Abstract

Cardiac resynchronization (CRT) has evolved as a therapeutic add-on tool in patients with refractory heart failure. Additional pacing of the left ventricle leads to relevant clinical and hemodynamic improvement. Optimized programming of these pacing systems may modulate therapeutic efficacy. Optimal atrio-ventricular (AV) and ventriculo-ventricular (VV) delay programming is documented to increase invasively and non-invasively determined parameters of cardiac hemodynamics.
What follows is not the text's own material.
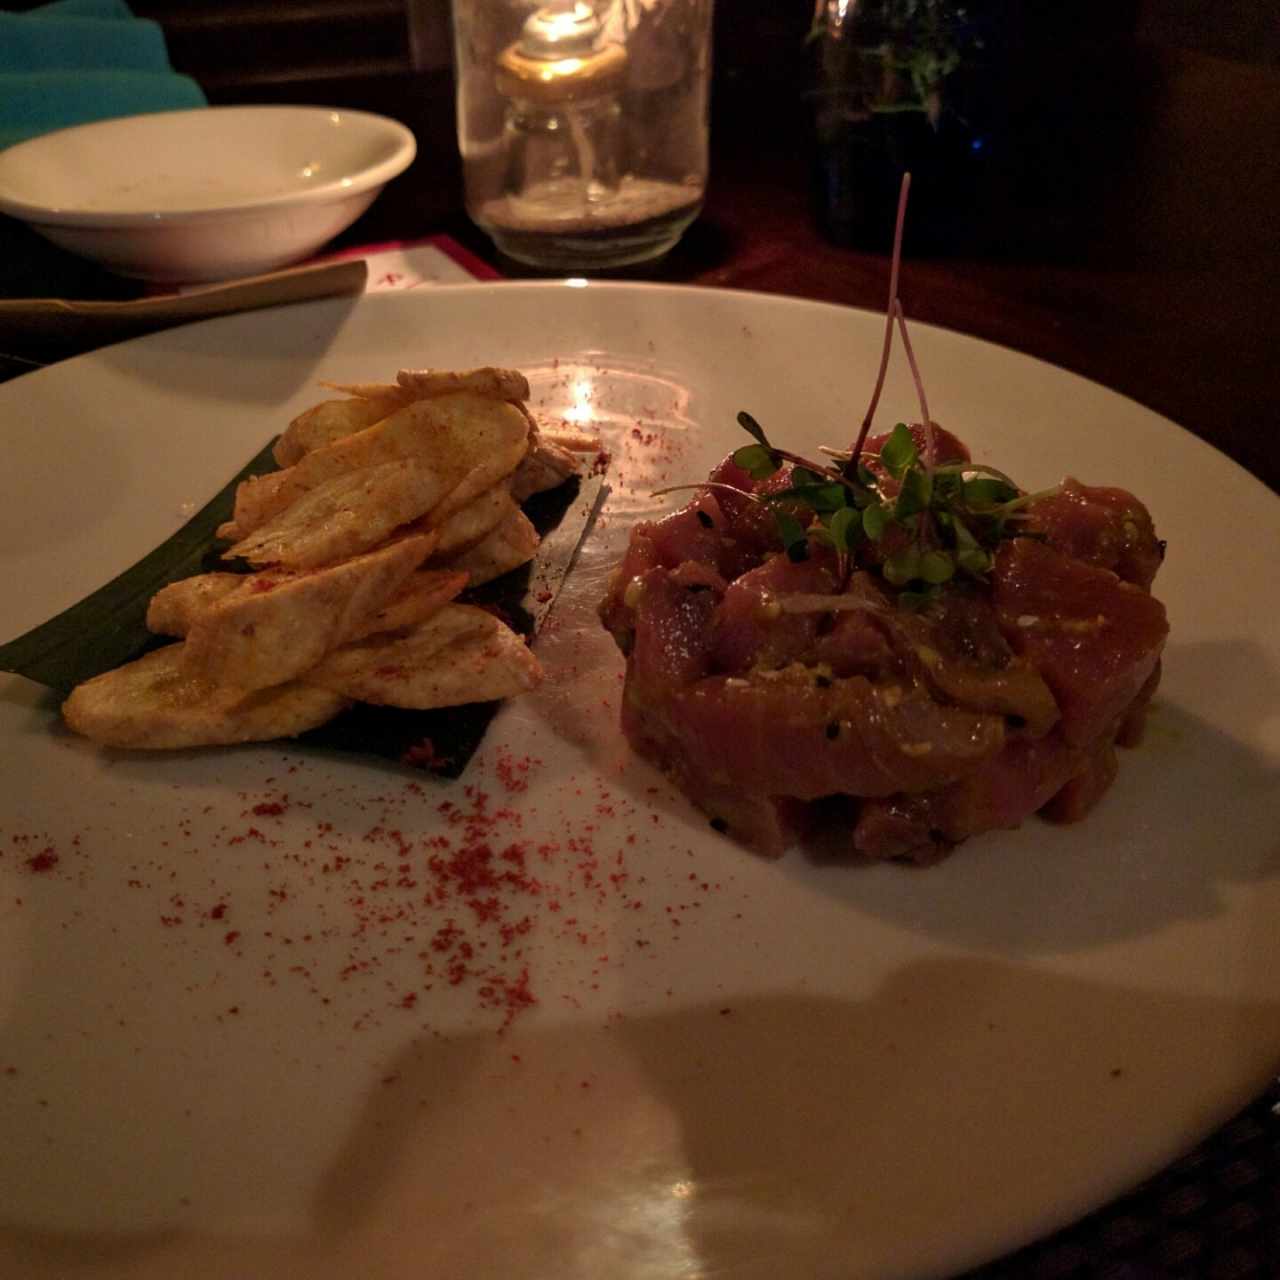 Tuna tartar with a side of green platain chips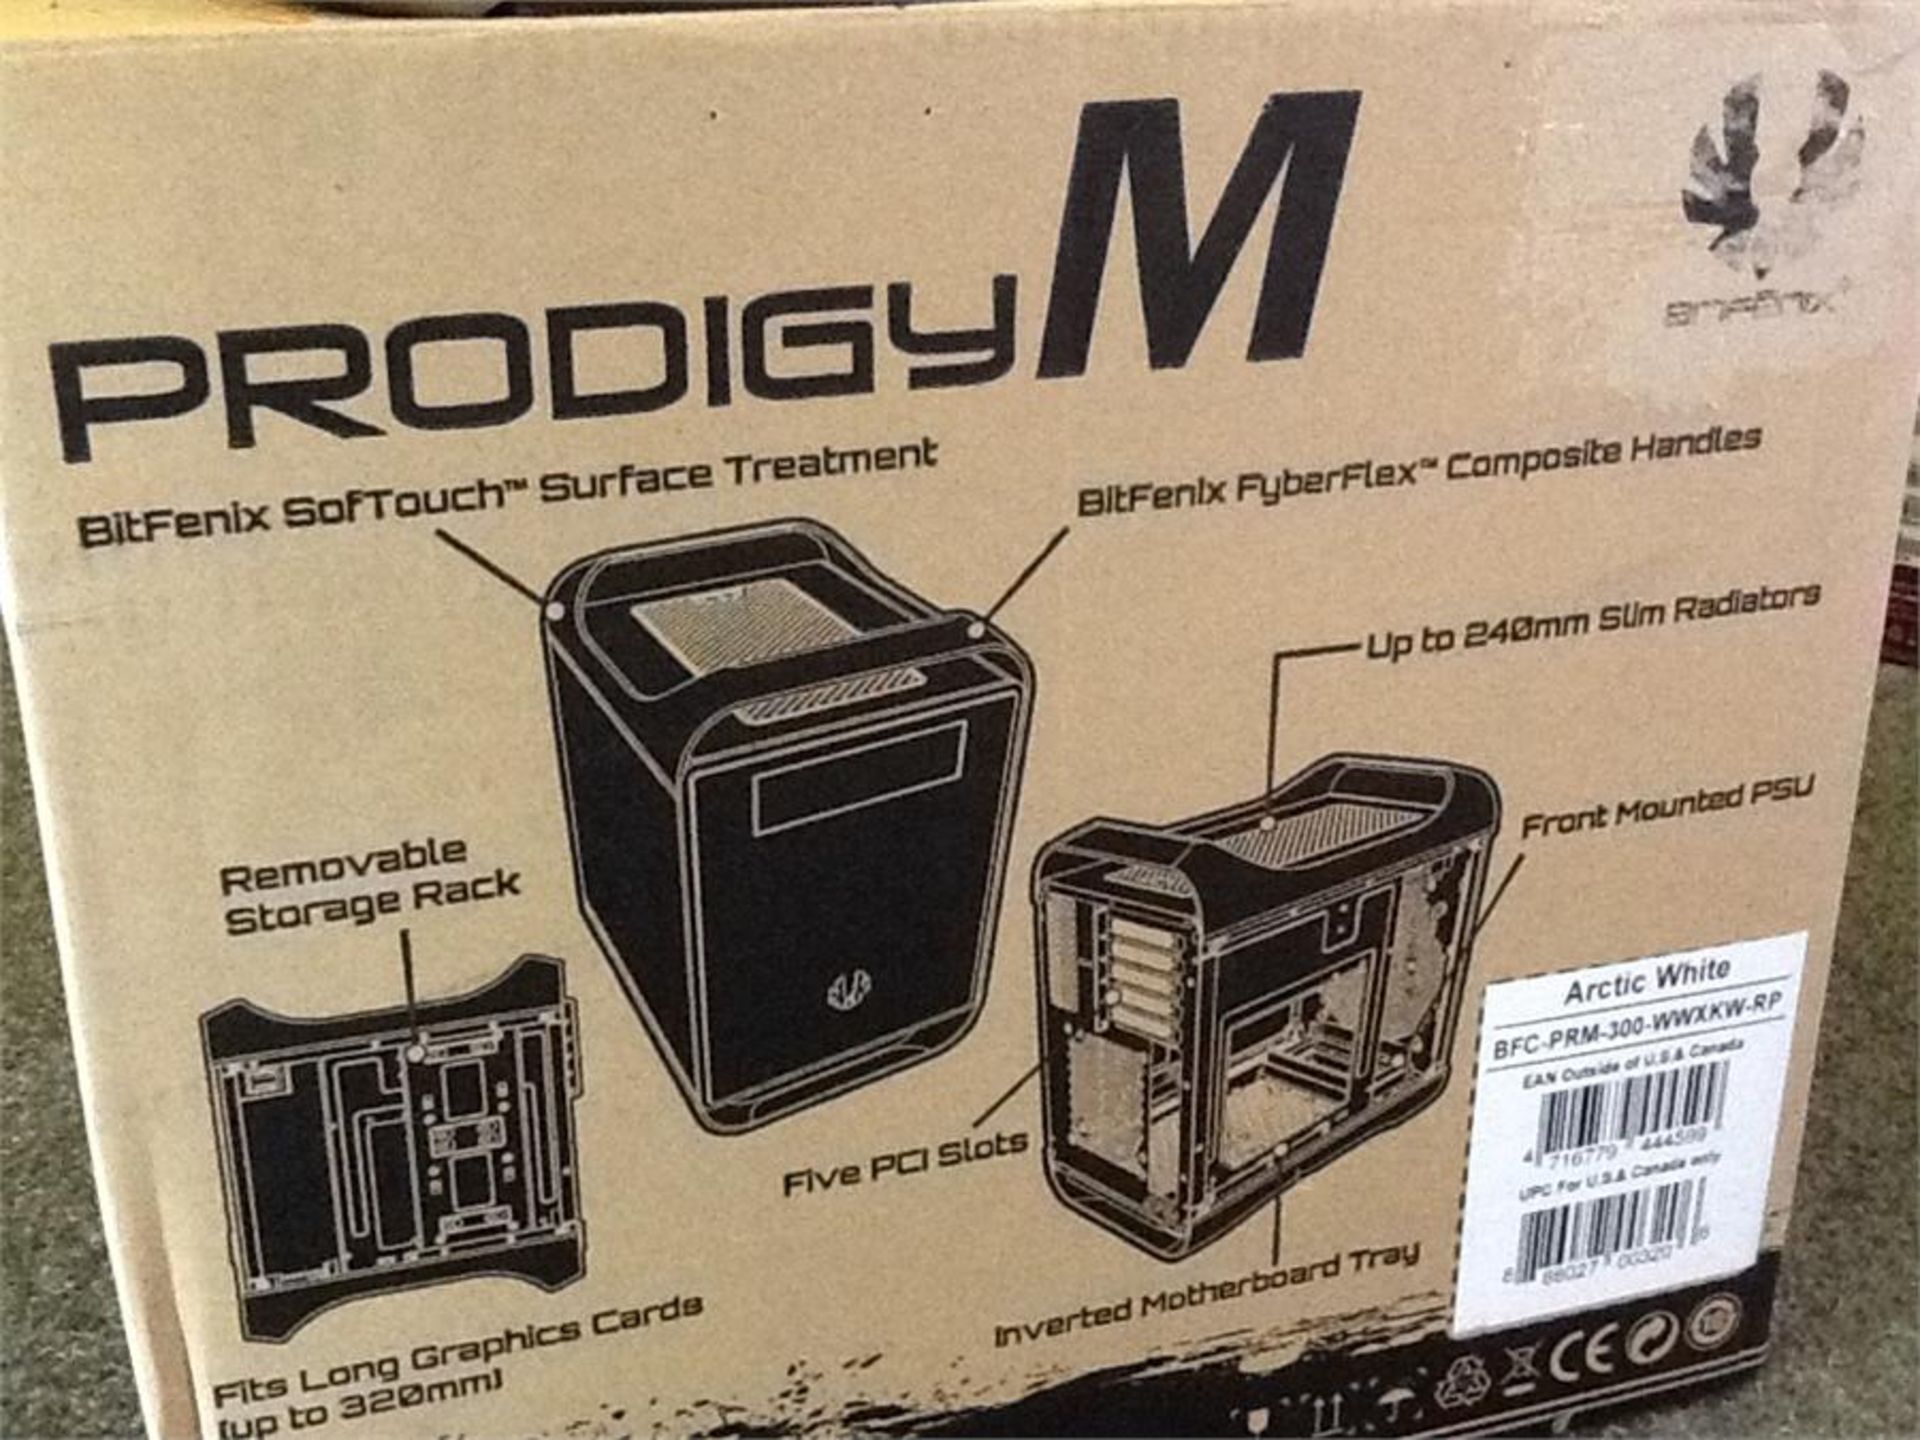 Prodigy M computer case, boxed - Image 2 of 10

In this manuscript different options for determining optimal AV and VV delay are discussed and a pragmatic approach to optimize CRT programming is detailed. VV delay needs to be optimized as a first step of programming. Different techniques may estimate the individual need for sequential ventricular pacing. Especially electrocardiographic criteria during right and left ventricular pacing may approximate the time-delay for pre-excitation. Delay between aortic and pulmonic valve ejection can be determined using Doppler echocardiography may identify patients who benefit from sequential pacing. Optimizing AV delay is a domain of Doppler echocardiography where using a simple formula the AV delay that produces the best diastolic resynchronization of left atrial contraction and left ventricular ejection can be calculated.Using the above mentioned techniques a pragmatic, easy and fast method for increasing CRT performance can be established. In cases of worsening heart failure or relevant changes of left ventricular dimensions adaptions (re-optimization) of VV and AV delay may be needed.